TASK INSTRUCTIONS: Return each line of the listing below, unchanged, and omit the images.

DATASET EXCERPT:

============================================================

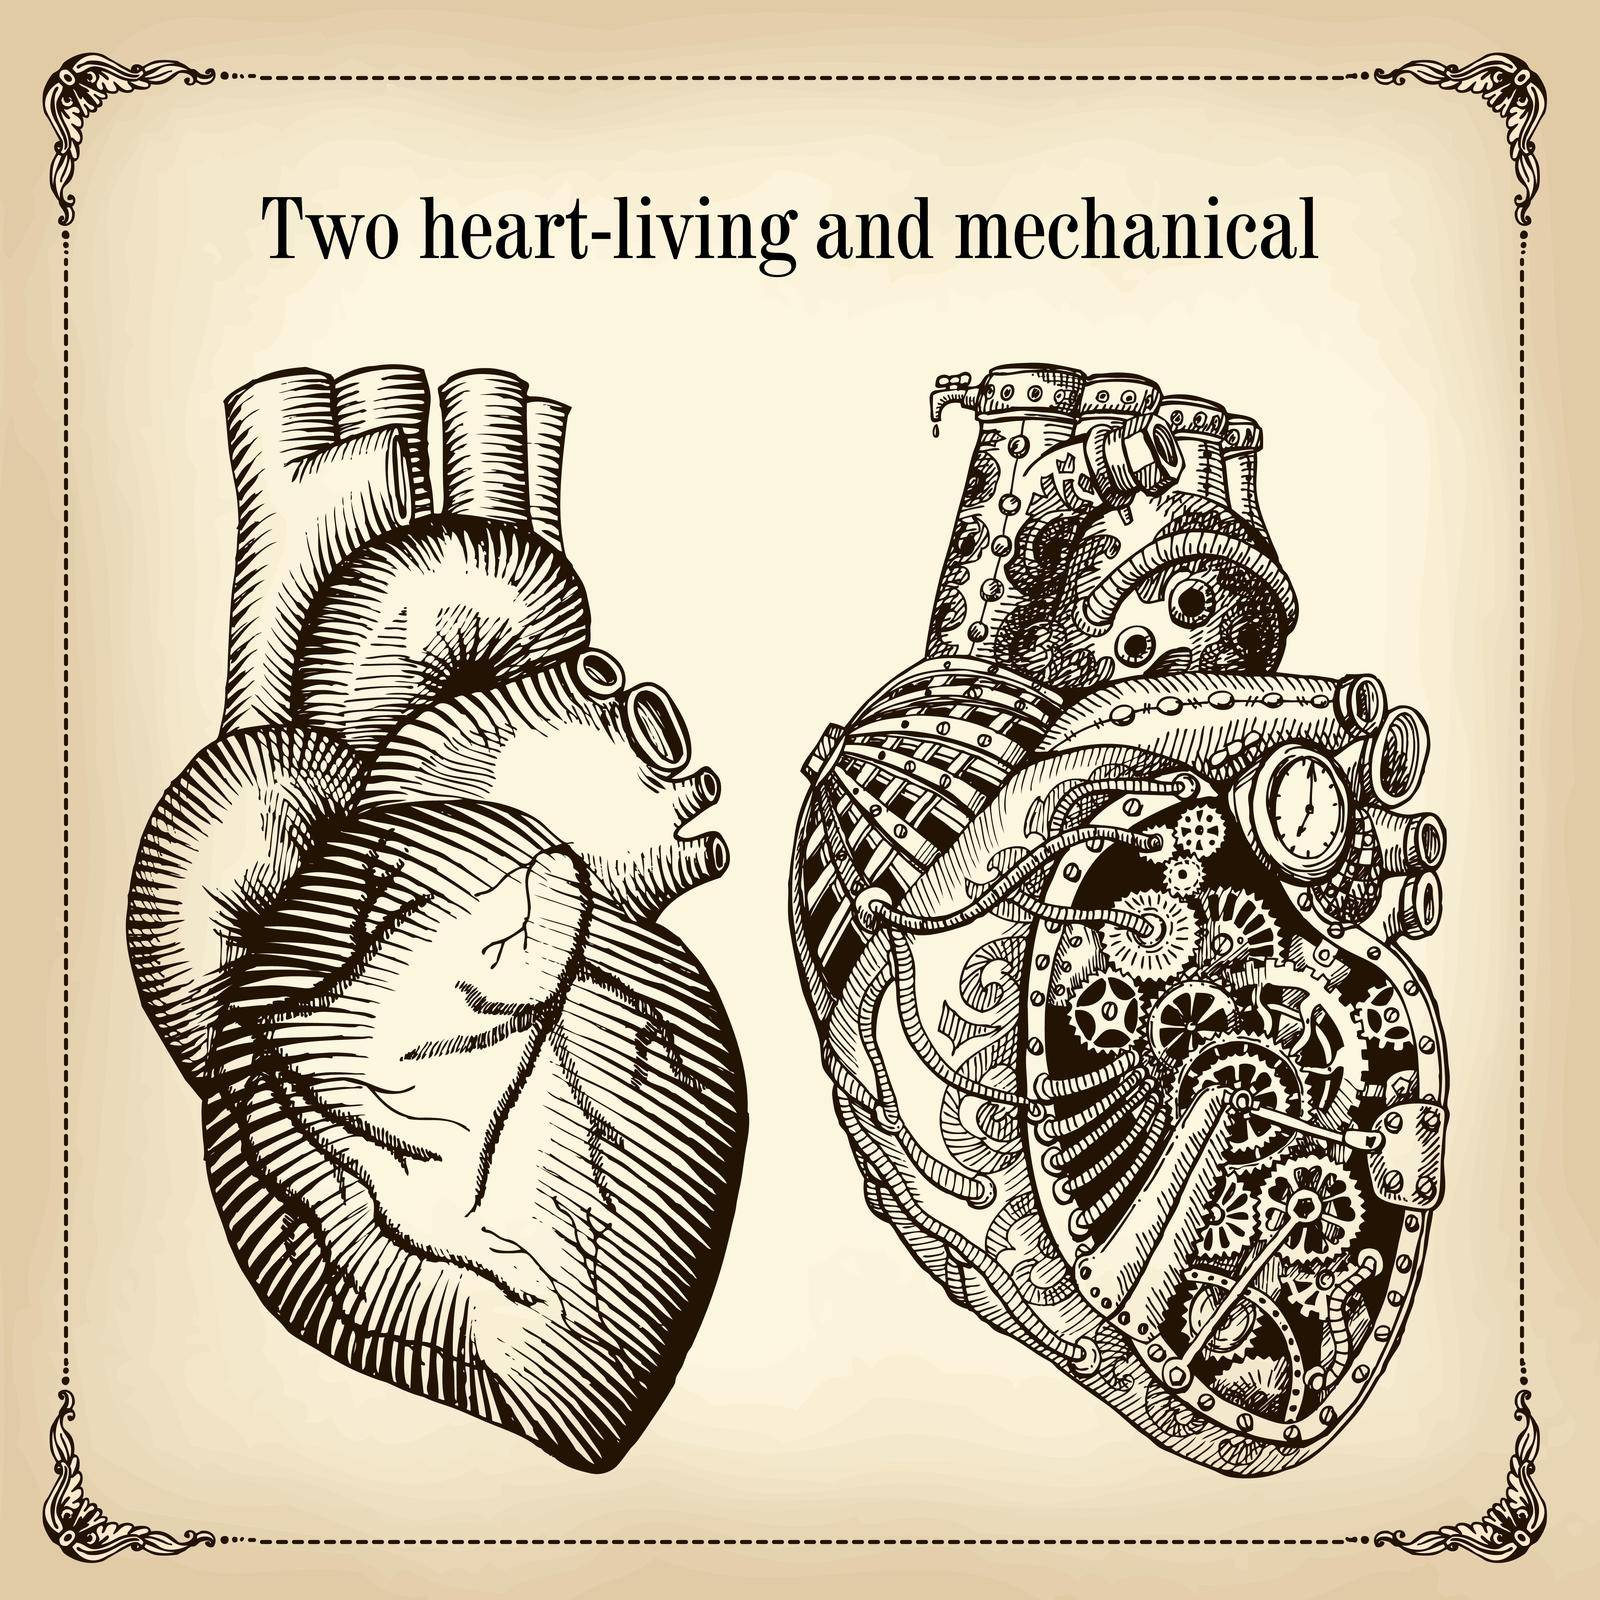 2 hearts-alive and mechanical by steshnikova
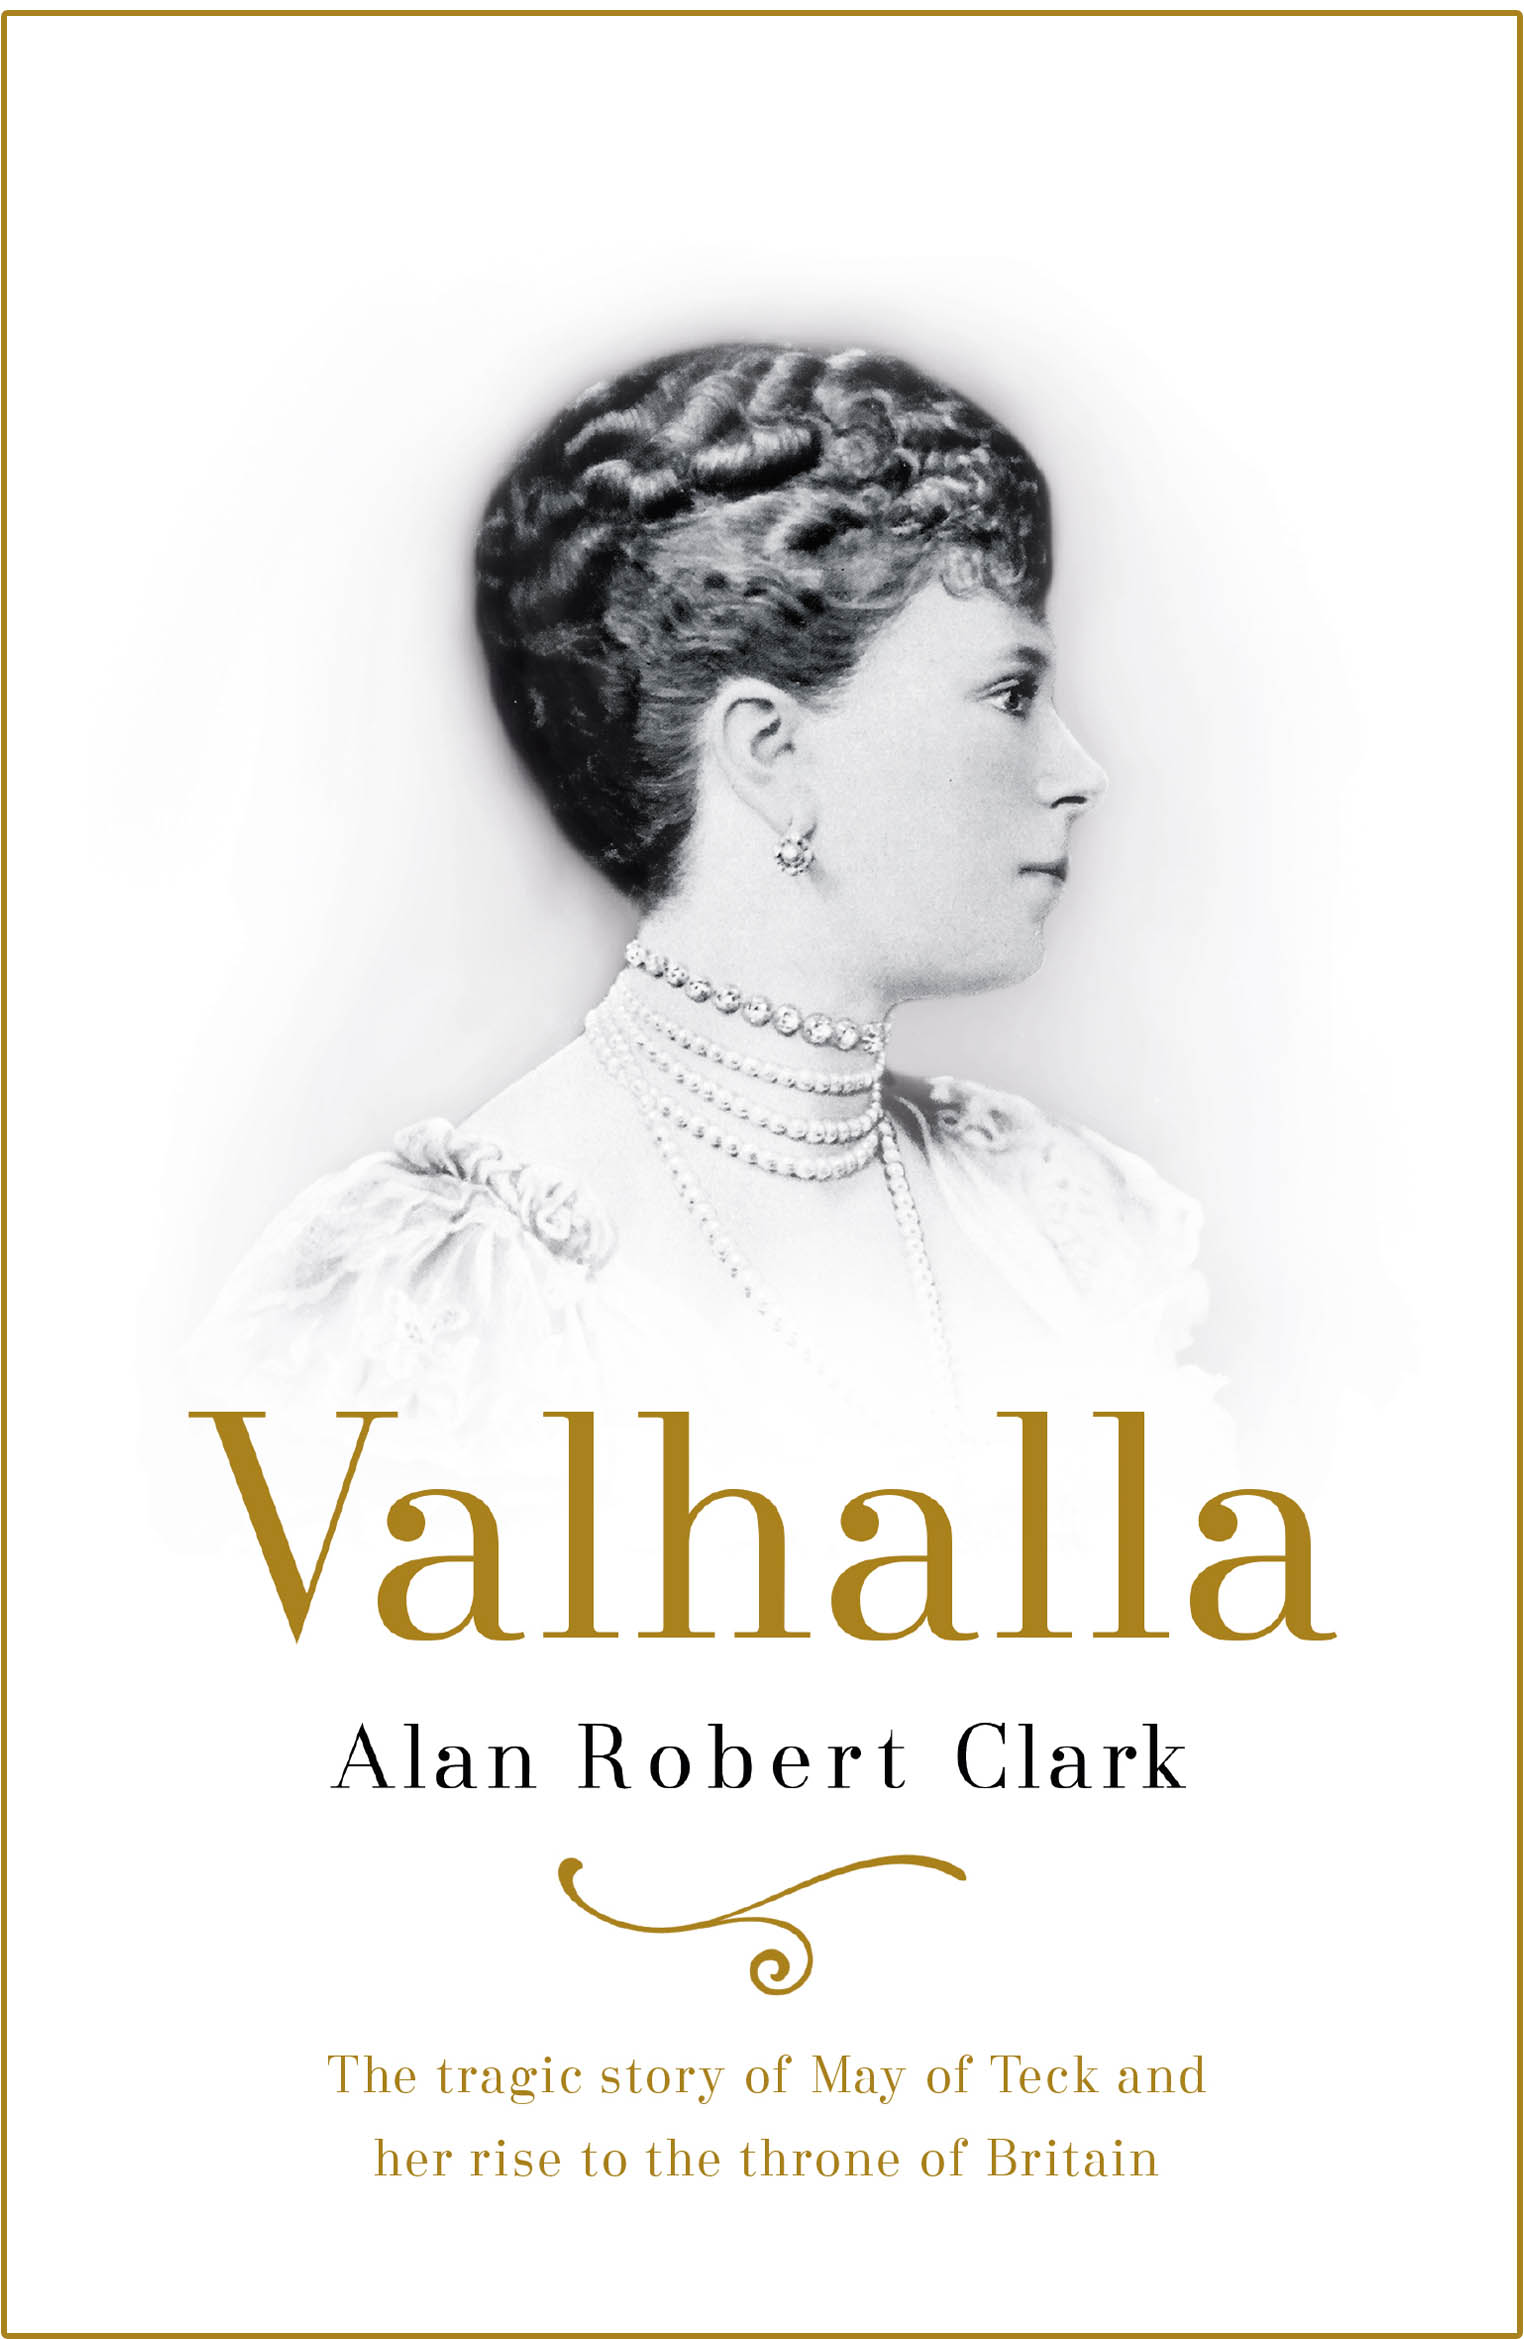 New Fiction - Valhalla by Alan Robert Clark
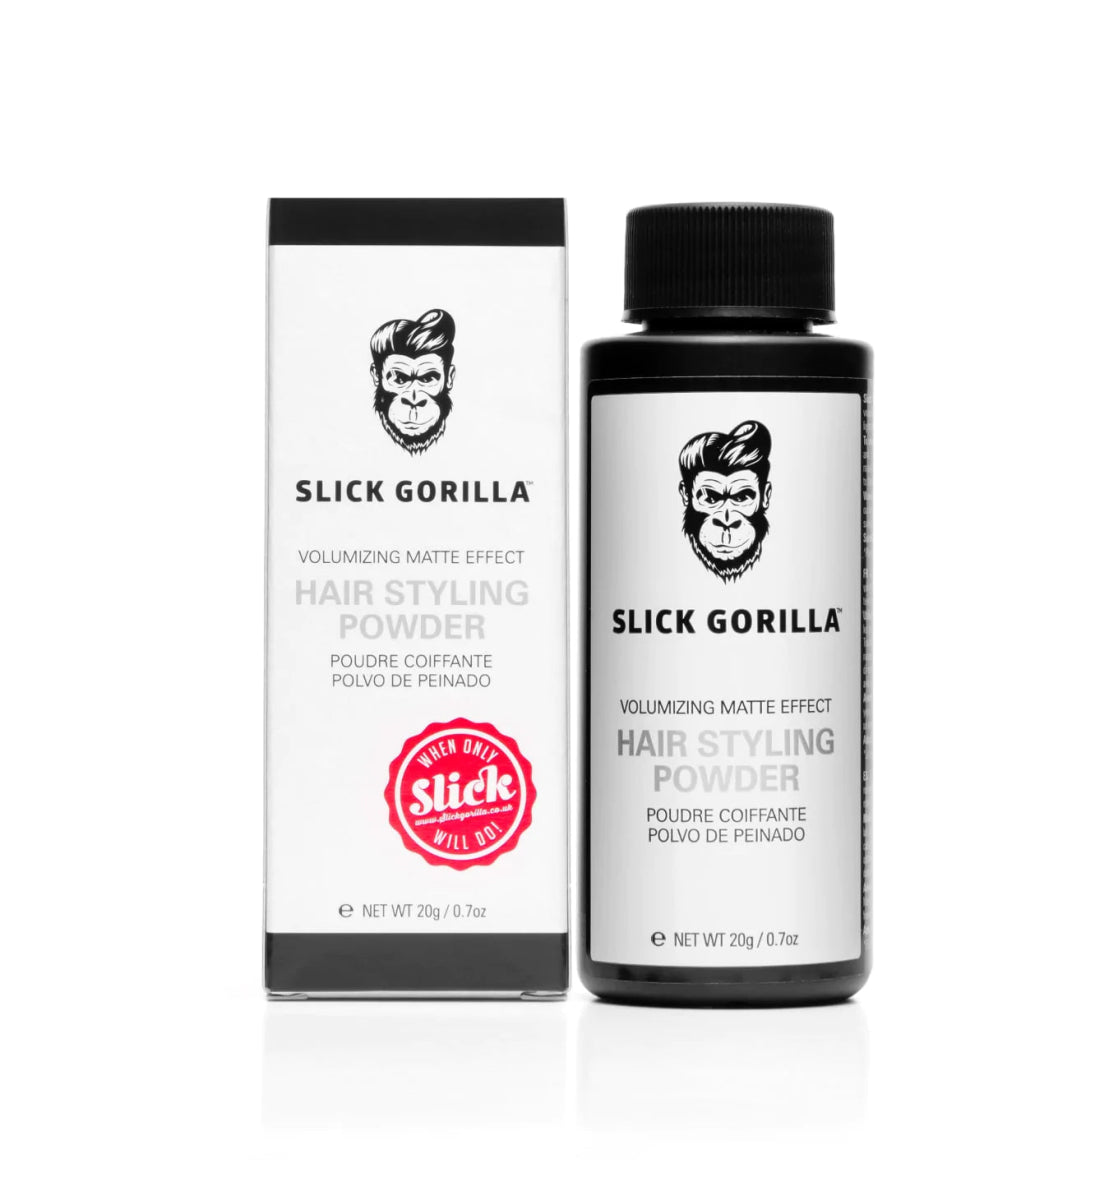 Slick Gorilla Hair Styling Powder 20g - Southwestsix Cosmetics Slick Gorilla Hair Styling Powder 20g Hair Care Slick Gorilla Southwestsix Cosmetics X1 Slick Gorilla Hair Styling Powder 20g

============================================================

EXERCISE ANSWER:
 2 hearts-alive and mechanical by steshnikova
 New Fiction - Valhalla by Alan Robert Clark
 Slick Gorilla Hair Styling Powder 20g - Southwestsix Cosmetics Slick Gorilla Hair Styling Powder 20g Hair Care Slick Gorilla Southwestsix Cosmetics X1 Slick Gorilla Hair Styling Powder 20g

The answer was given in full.